Dunedin - April 7 - 9
New Zealand is officially colder than I'd expected...by the time we reached Dunedin, I was wearing a t-shirt, sweater and jacket with jeans and shoes...warmest I've dressed since leaving home!! Our Dunedin hostel was an old ornate building that used to serve as a hospital. It had a TV Room in the former morgue (great place to watch a scary movie....if you're feeling brave!!) and heaters in each of the dorm rooms to take the chill off the drafts that wafted through the corridors like ghosts. Oh, and this hostel had the best showers....water pressure beyond a mere dribble!!!! Didn't really do much sightseeing here, aside from visiting the Cadbury Chocolate Factory (instantly adding 10 pounds!) and climbing up the World's Steepest Street, Baldwin Street (lost my breath and, hopefully that extra 10 pounds!)
Lake Tekapo - April 9 - 10
Although I was well rested after my lazy stay in Dunedin, I soon realized after arriving in Lake Tekapo that it was a far better location for relaxation. With not much to do here but sit and admire the mountains looming beyond the serene lake, soak in a hot spring pool and look at the star-filled sky, I was forced into further relaxtion here. Hopefully I'll be able to get myself out of relaxation mode or else I'll slip into that hippie mindset I was so keen on in Byron Bay!!! Beautiful place here that begs for a slower pace and a settled mind. I was more than happy to oblige!!!
Christchurch - April 10 - 12
Wow...deep breath Ang!
Reaching this city signifies a few sad endings for me and my travels. First I had to say good-bye to the wonderful friends I made through the Magic Bus, including my especially good friend Caitriona, who is carrying on through NZ and after a relaxing week in Thailand is heading back home to Ireland.

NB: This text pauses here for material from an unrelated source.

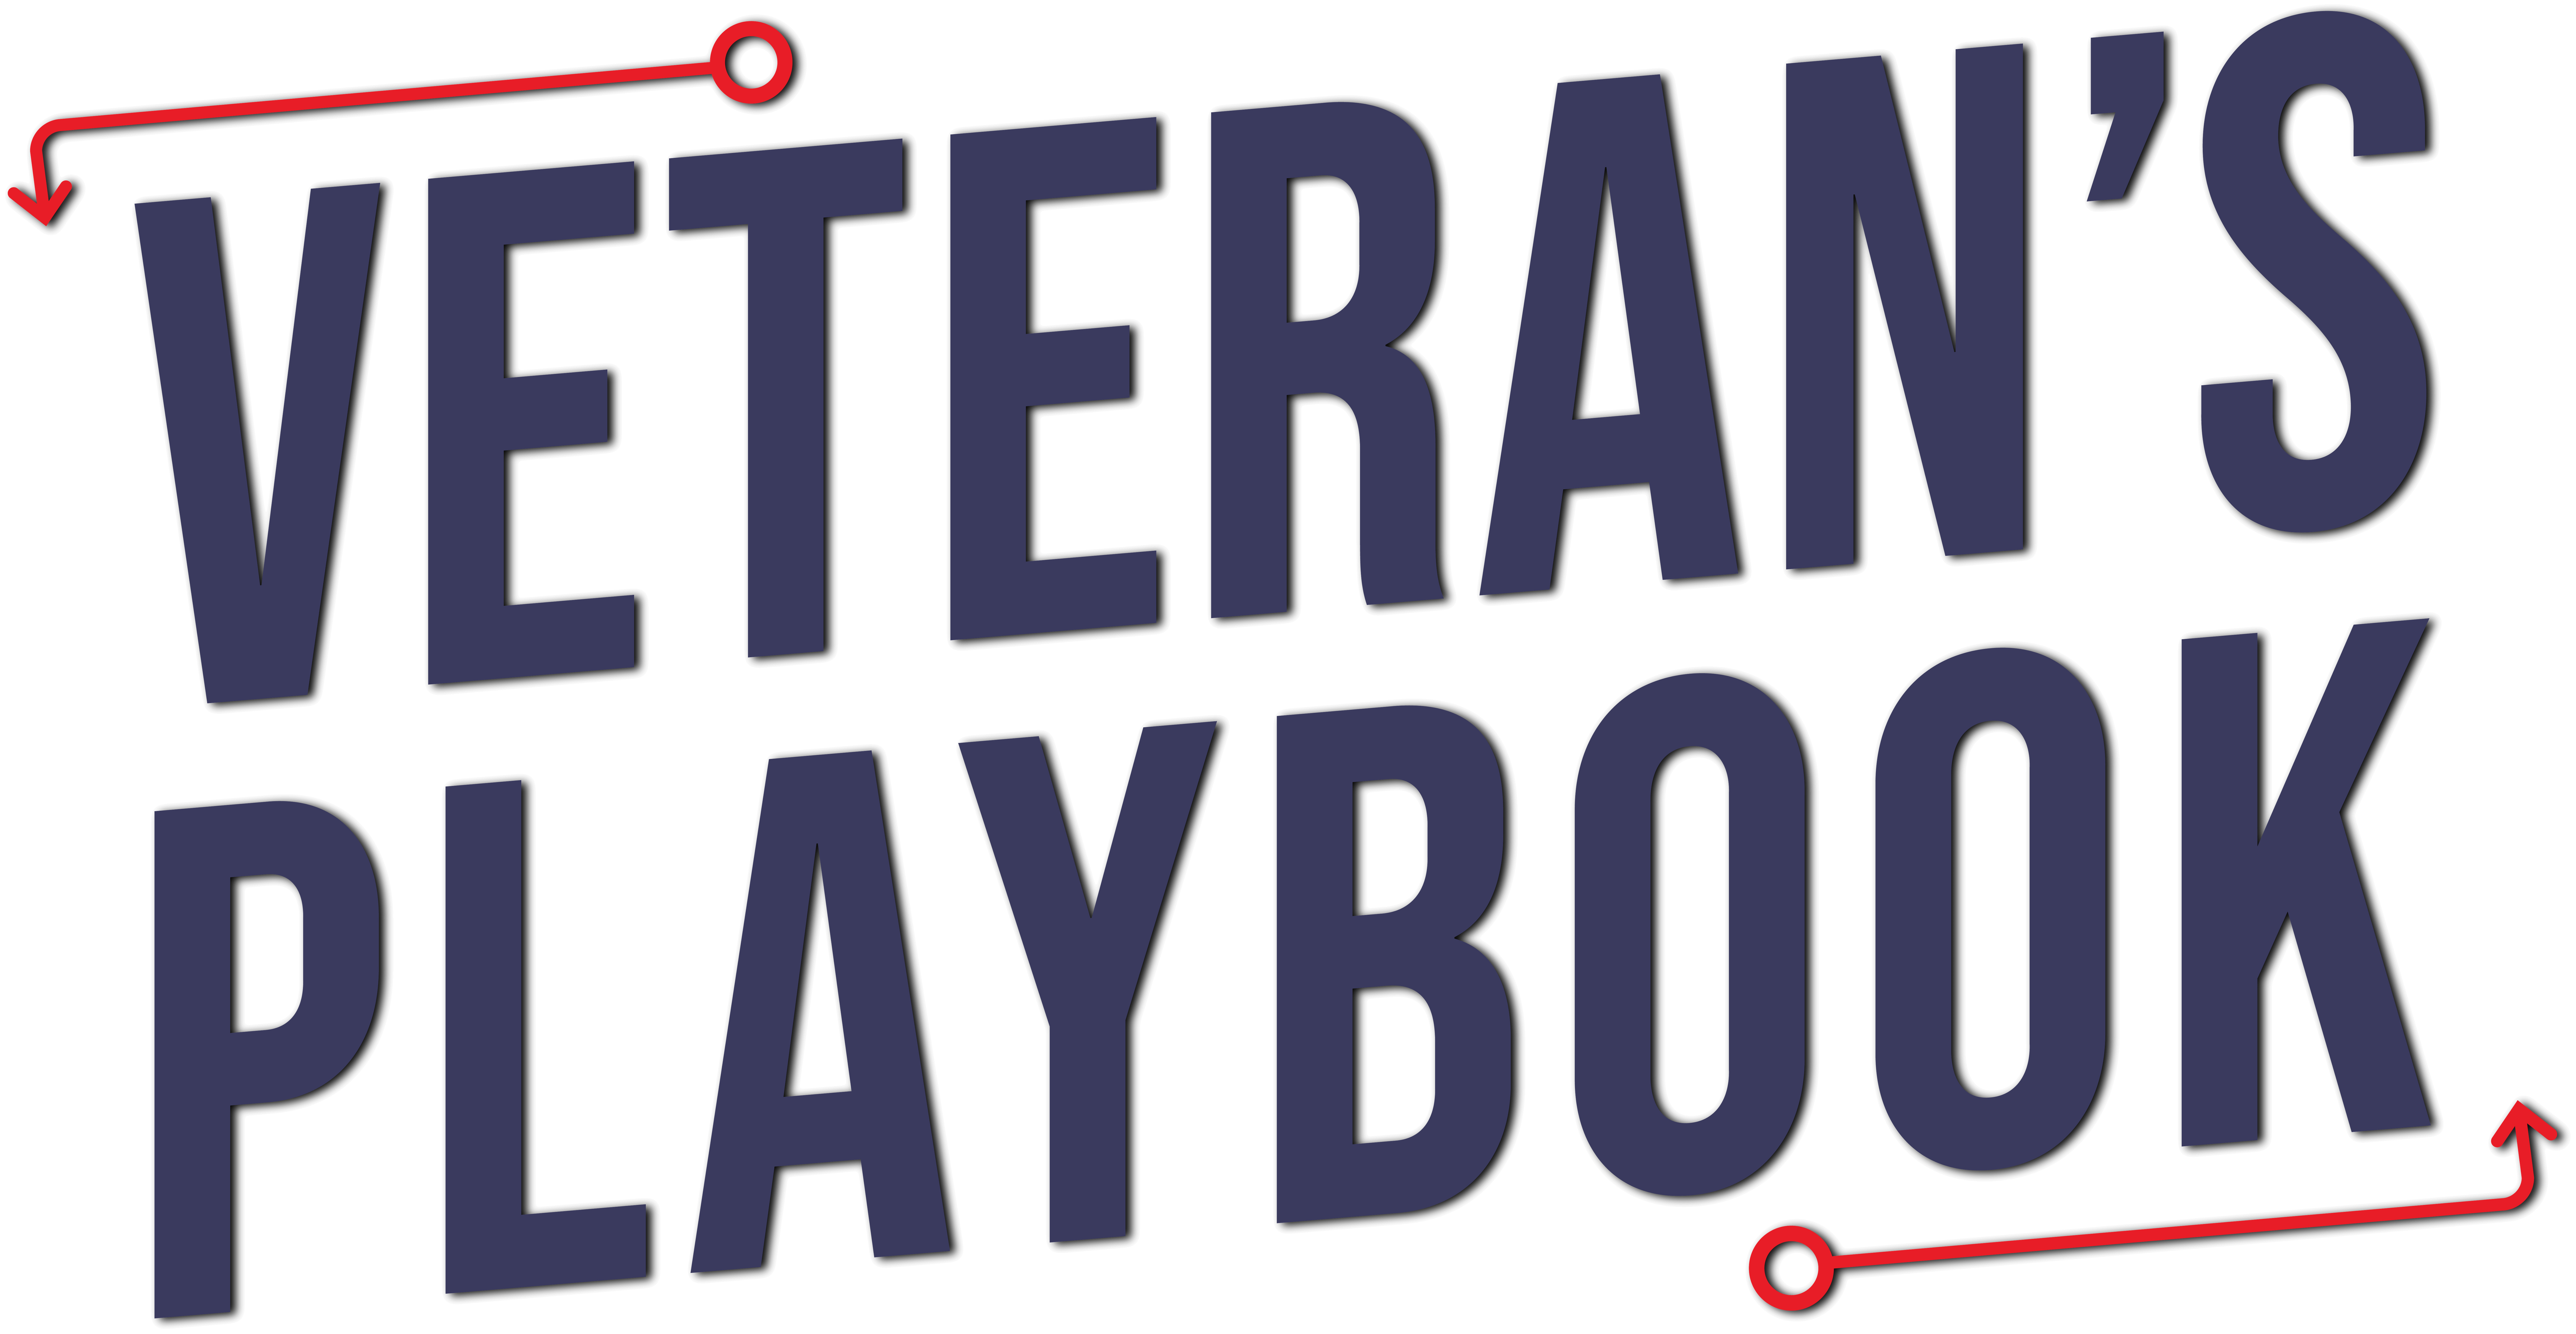 Veteran's Playbook MAIN logo red blue (1)

And, this city is my last new destination in my solo travels. From this point forward, every city I land in is one I've visited before, until I meet up with my family in Mexico. I spent my three days here wandering aimlessly, trying to wrap my head around the fact that this big, long trip I'd been dreaming about for so long was not only a reality but would soon become a memory, fading with each passing day. I started frantically trying to remember what the name of the hostel in Singapore was, how to say "How Much?" in Thai, how much home-brewed spirits I drank my first night in Australia (that memory has faded for reasons other than time!)...honestly though, it's scary how much those minor details mean to you as you travel, yet how quickly they illude recollection...It was because of this thought process that Christchurch was seen through blurry vision and a preoccupied mind...I think it was nice though!!!